Some observers note that this is a clash between generations. Others comment that both sides seem to have no end point of convergence. What is perhaps more important is that we seek what we have in common rather than stress on our disagreements. Differences will always remain, but they will be respected while maintaining dialogue. In this process, listening to each other is key. The government might not be able to accommodate all proposals made by every stakeholder, but at least it will listen and do its best to meet realistic and constructive demands that reflect the wishes of the majority, while bearing in mind the concerns of the minority.

Prime Minister Prayuth Chan-ocha attends a special parliament session: the government will do its best to meet constructive demands that reflect the wishes of the majority.   © Reuters

Since July 2020, the government has allowed several public gatherings to take place around the country so that the protesters may express their concerns. And despite the declaration of a serious emergency situation over a few days forbidding assemblies of more than five persons, the authorities exercised utmost flexibility and restraint in allowing the protests to proceed.

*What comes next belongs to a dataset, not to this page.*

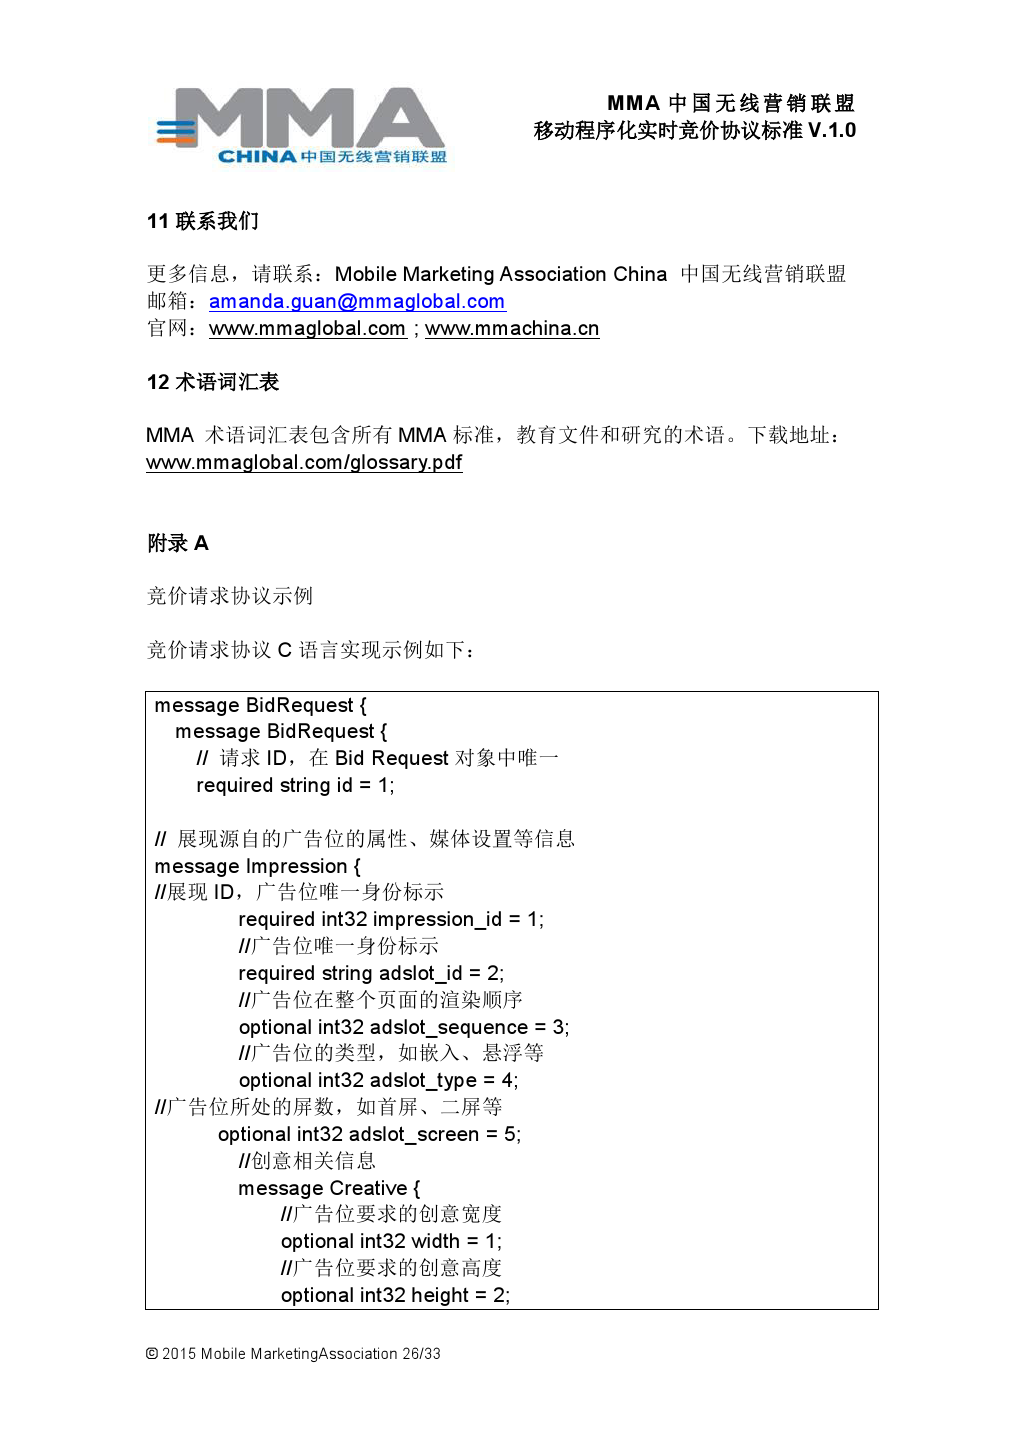 MMA中国无线营销联盟移动程序化实时竞价协议标准V.1.0_000027

Many of the protesters' aspirations are not new, including calls to reduce social inequality and to improve the state's social welfare system. These are issues shared by the general public as well as successive governments. Over the past four decades, Thailand has made remarkable progress in moving from a low income to an upper middle-income country. Its ongoing efforts to strengthen the nation's social immune system against economic and social shocks through the Sufficiency Economy Philosophy, and universal health coverage, among others, have been internationally recognized. This was not achieved overnight but through hard work and perseverance taking several years if not decades.

While the government respects freedom of expression, it has to ensure that the exercise of these rights does not infringe upon the privacy, dignity and safety of others. Anyone can advocate their viewpoints and articulate their dreams. But issues that potentially have far-reaching implications require careful consideration and debate with a view to reaching a consensus from all concerned.

Given the current situation, the most appropriate course of action is for the parliament, where interests across the political spectrum are represented by their elected MPs, to take the lead. In October, 2020, an extraordinary session of parliament was convened to discuss the various demands made and possible ways of moving the country forward. A reconciliation committee was subsequently formed, tasked with exploring all possible avenues to break the political impasse. The protesters have been invited to be part of the committee but the offer was regrettably declined. At the same time, the procedure for amending the constitution is progressing in parallel with the submission to parliament of a draft bill for a national referendum.

The demands of the protesters are political by nature and can thus be dealt with by the democratic institutions and frameworks designed to resolve such issues. It would be wrong to involve the monarchy which is above politics. The monarchy does possess moral authority built on mutual trust and respect between the institution and the people. This moral authority is so deeply recognized and revered that some political factions have tried to take advantage from it for their own gains. This must be avoided.

What is necessary now is for parliament, representing the people, to discharge its duties and responsibilities and achieve a solution that is acceptable to all. Stakeholders across the political spectrum have to listen to others, join the process, be realistic and sort out their differences through dialogue and compromise. This may take time, but it will be the only way to achieve an outcome that is meaningful and sustainable, thus ensuring that Thailand continues to move forward, leaving no one behind.